Monday, May 16, 2016

Crave Me (The Good Ol' Boys #4) ~ M. Robinson






They say in order to find yourself you have to go home. 
What if home was what you were running from? 

Where did that leave you? 

Always on the other side of the fence. 

Always looking in. 

Always wishing you were someone you couldn't be. 

Until one day you meet her. 

The one. 
She was my high, but she was also... 



My demise. 



STANDALONE within a series. This is a Full Length Novel.





I don’t even know where to begin. I mean, this book…..this book hit close to home. Not only did it make me think of a time where I dated an addict and how, in turn, became wrapped up in that world too, but Austin also said things that my husband actually says to me now. It’s just crazy how this story resonated with me.

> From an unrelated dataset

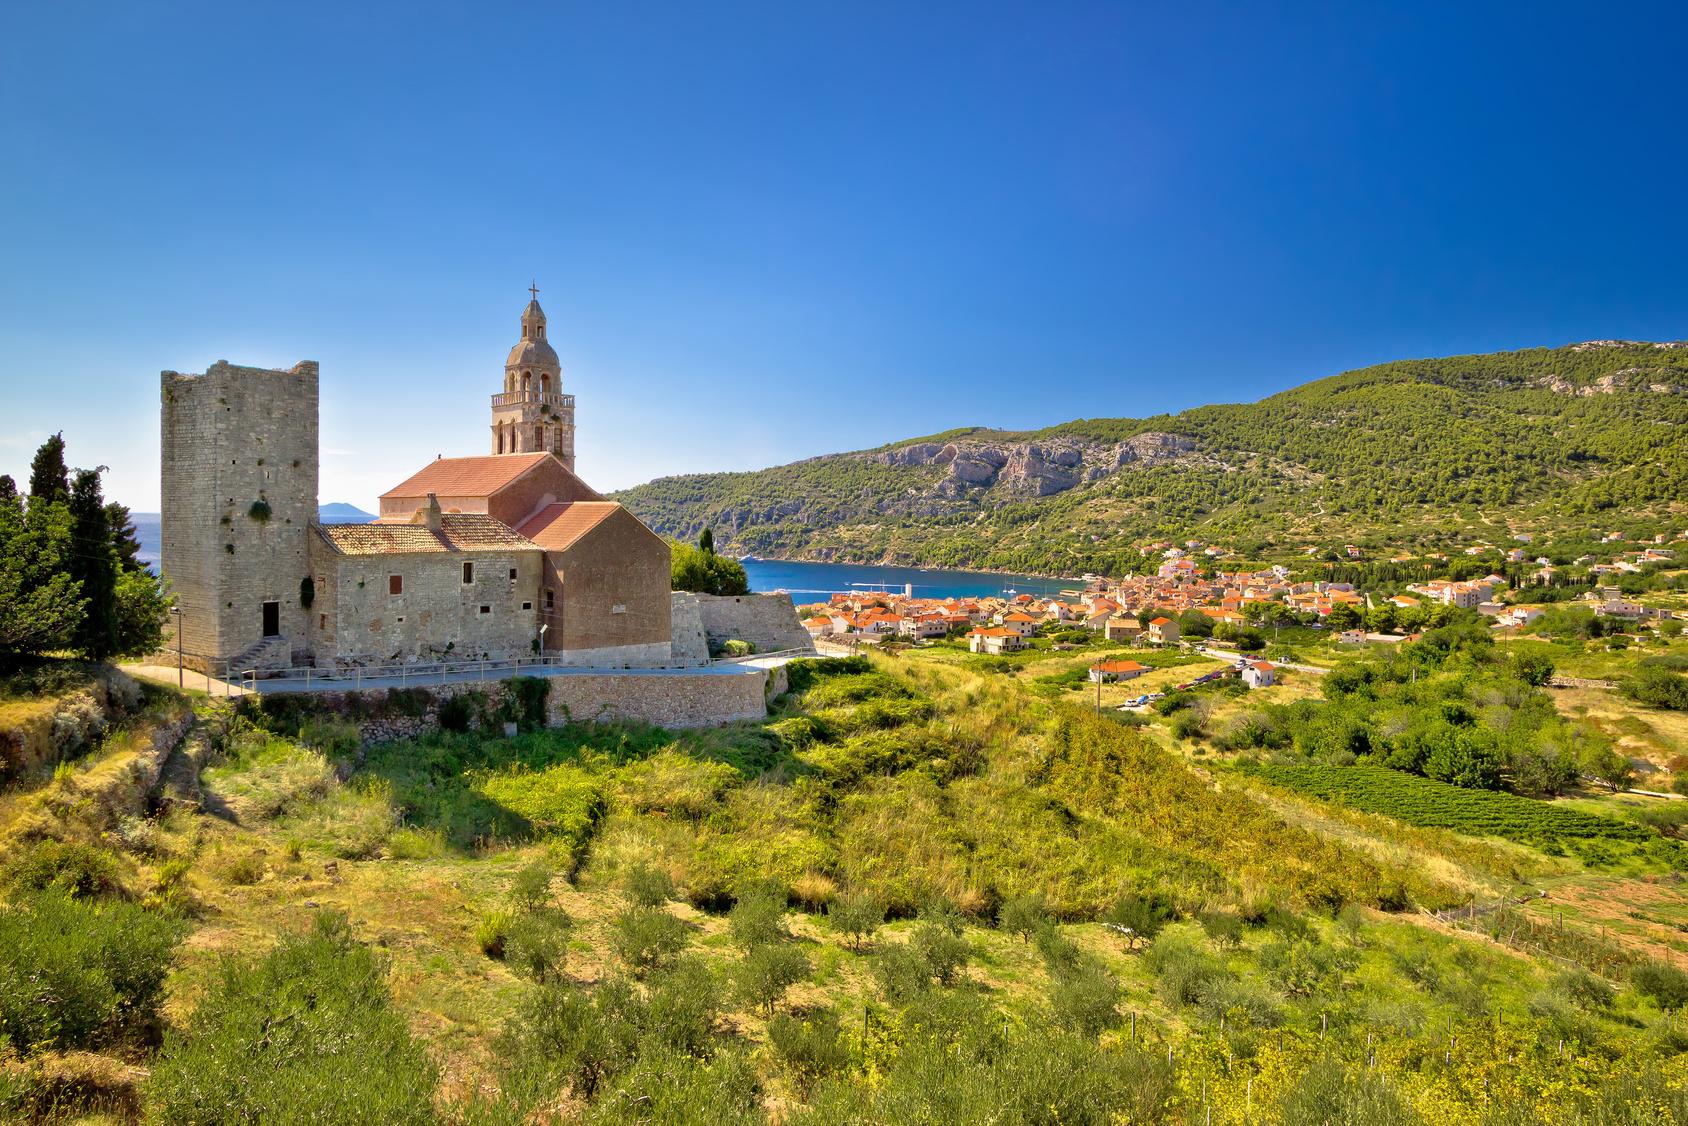 Town of Komiza on Vis island view, Dalmatia, Croatia

“Anytime you want to talk about your parents, I’m here to listen. I wish I could have met them, so I could tell them how amazing their daughter is and how much I’m in love with her.”
~Austin

I lost my dad when I was 19 and my mom when I was 21. I was searching for comfort and love since I had just lost my biggest supporters. Austin wasn’t much different. He also felt he didn’t belong and had to prove himself. He, like the other boys, was jealous of the bond Half Pint and Bo had, which just caused him to feel more lost. His using started as fun and partying, but then ran away from him so he could drown his sorrows. And it’s true, at some point you ask yourself, how did it get this bad…..yet, you have no answer. The hardest part is that Austin is a talented, loving, devoted and gorgeous man that had demons bigger than he could initially cope with.

"I need you, baby, I need you like I need fucking air to breath. I'm nothing without you! NOTHING! Please.....just fucking help me!"
~Austin"

I connected with Briggs in a sense that she always had to take care of herself. When she finally meets Austin and the alpha that he is, she relishes in the fact that he wants to take care of her. She can let go and feel safe and loved by someone, especially since she was lacking it from her uncle. She enabled Austin, but truly she didn’t know what was going on in Austin’s head to help him. While she blamed herself, she really couldn’t do anything until Austin was ready to. Briggs is beautiful, sweet, and smart, but often felt helpless and broken since she couldn’t help the one person she loved more than anything.


Austin and Brigg’s story tore my heart to shreds and had me reflecting on my own past. It churned my gut and made my heart ache. There was a lot of angst, but also a lot of love. Seeing certain times in the Good Ol’ Boys’ lives from Austin’s point of view was certainly eye opening and just made me want to hug him more. M’s writing was exceptional, as always, and she was able to tap in to the struggles that an addict has, as well as the struggle their loved ones go through. Absolutely brilliant!